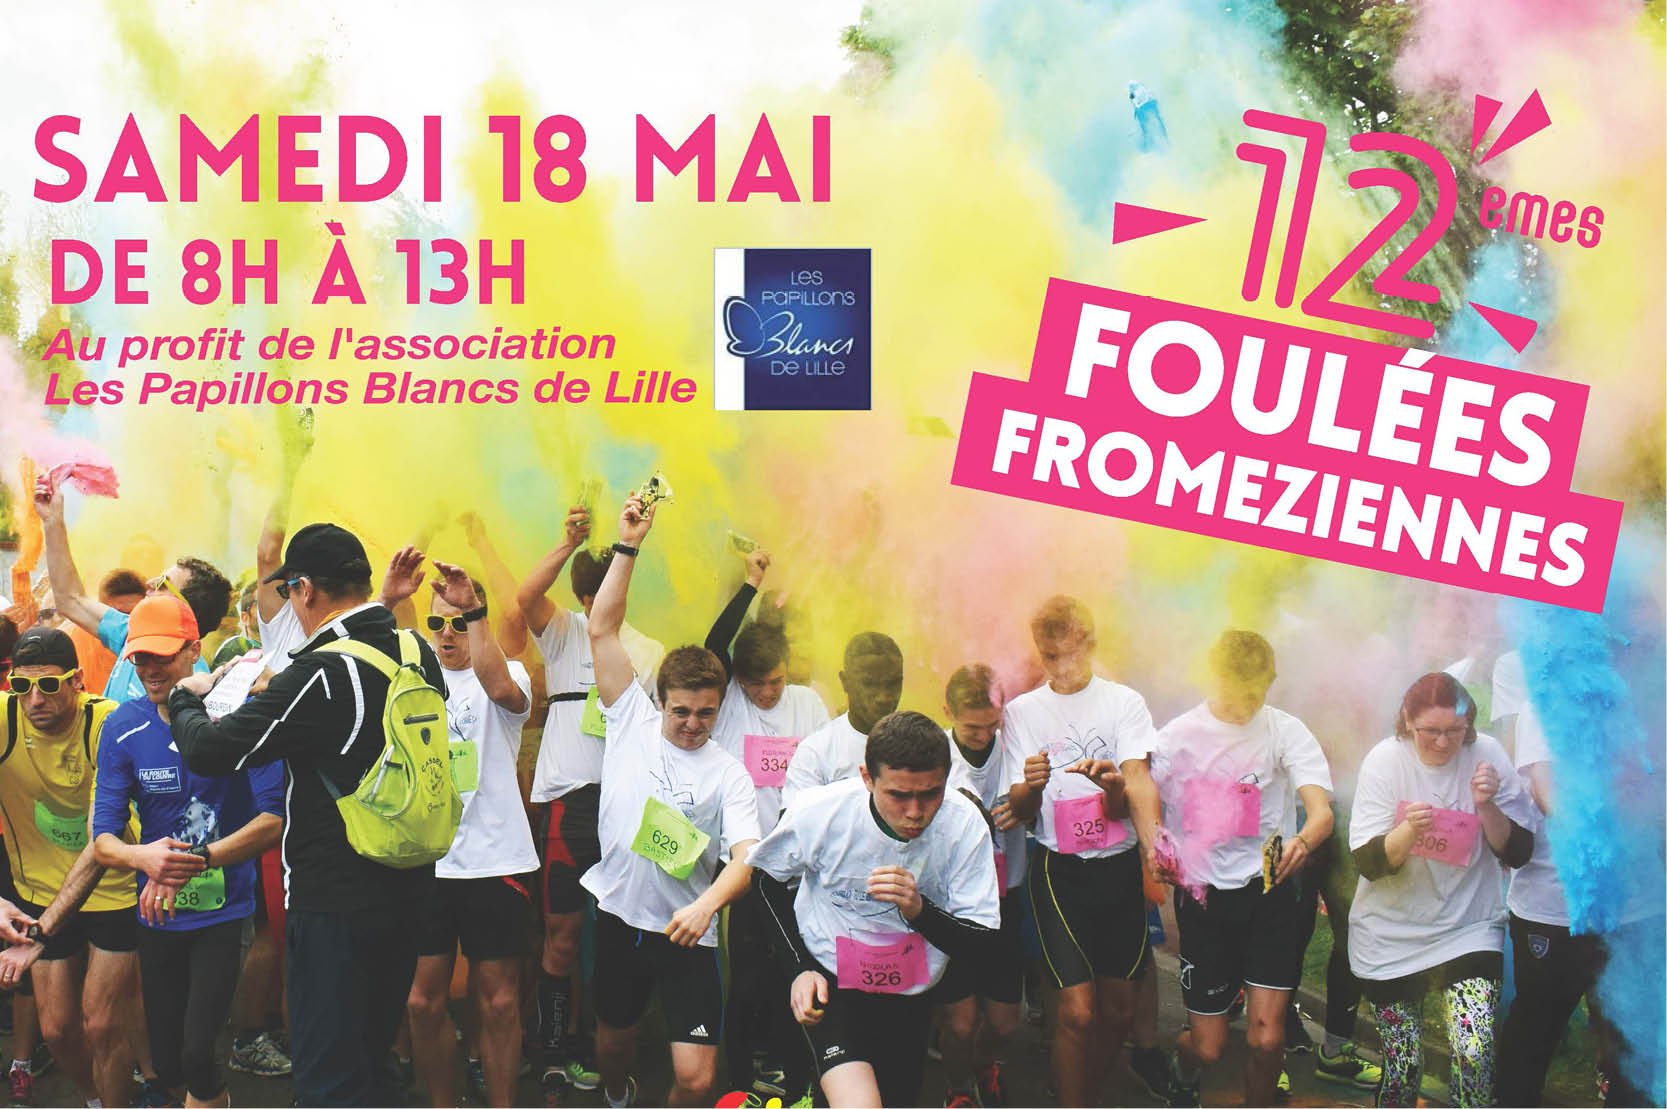 12e Foulées froméziennes Haubourdin 18 mai 2019 Papillons Blancs de Lille
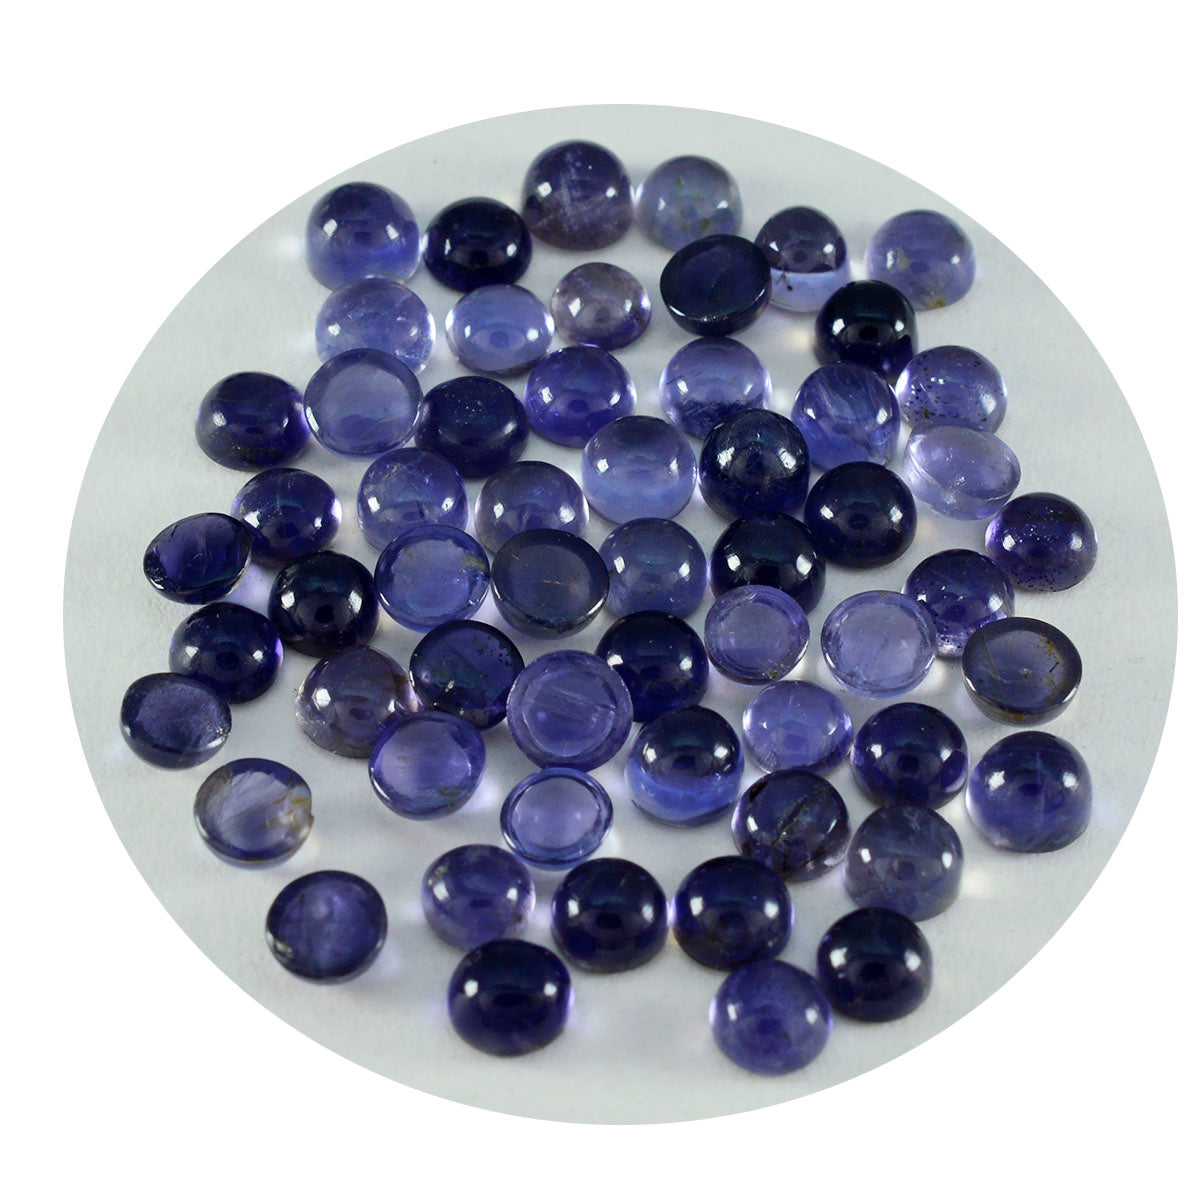 Riyogems 1PC blauwe ioliet cabochon 3x3 mm ronde vorm schattige kwaliteitsedelsteen
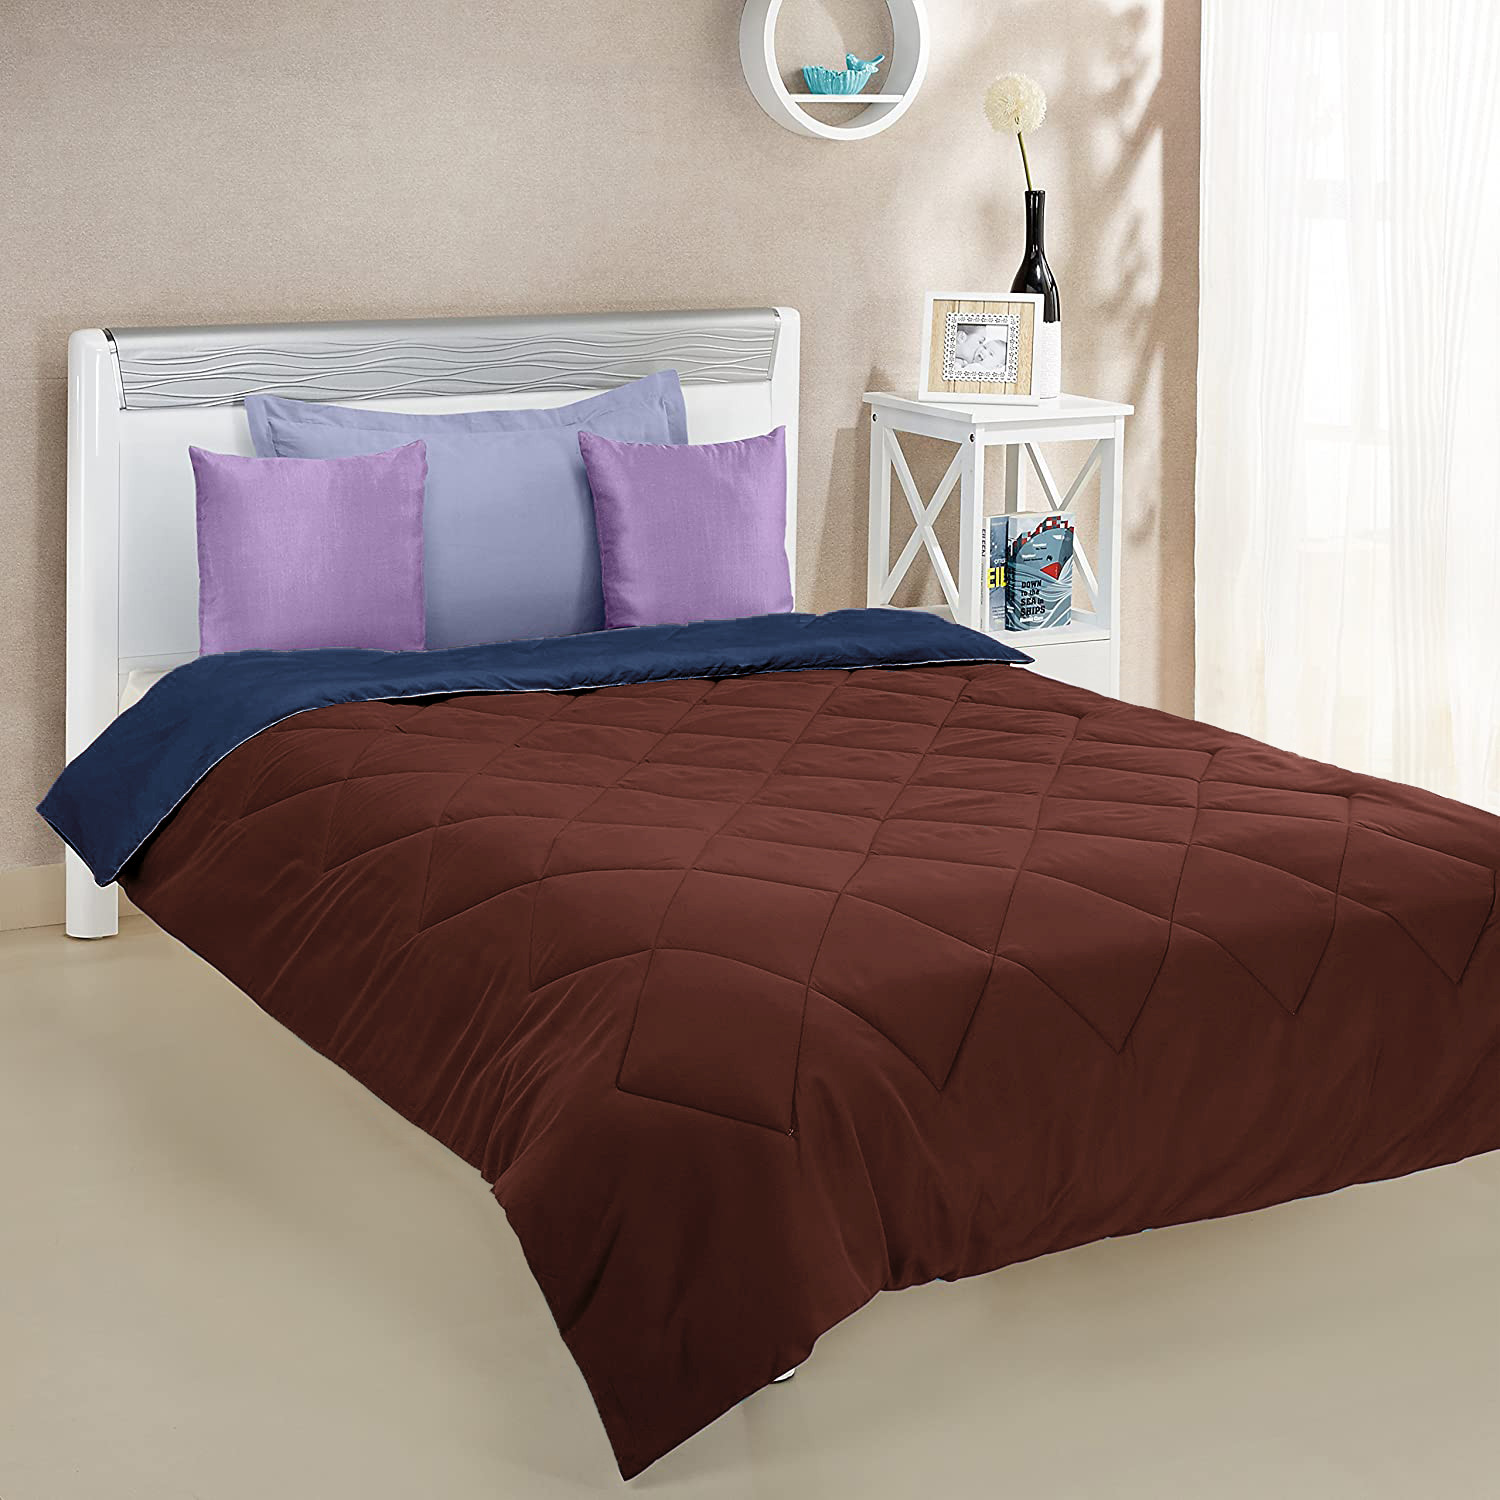 Kuber Industries Comforter for Double Bed|Microfiber Winter Comforter for Double Bed|220 GSM Reversible Comforter|AC Quilt|Dohar|Blanket |Brown & Navy Blue

* _EXERCISE INSTRUCTIONS_
Copy out the data above exactly, except the pictures.

* _ANSWER SECTION_
 12e Foulées froméziennes Haubourdin 18 mai 2019 Papillons Blancs de Lille
 Riyogems 1PC blauwe ioliet cabochon 3x3 mm ronde vorm schattige kwaliteitsedelsteen
 Kuber Industries Comforter for Double Bed|Microfiber Winter Comforter for Double Bed|220 GSM Reversible Comforter|AC Quilt|Dohar|Blanket |Brown & Navy Blue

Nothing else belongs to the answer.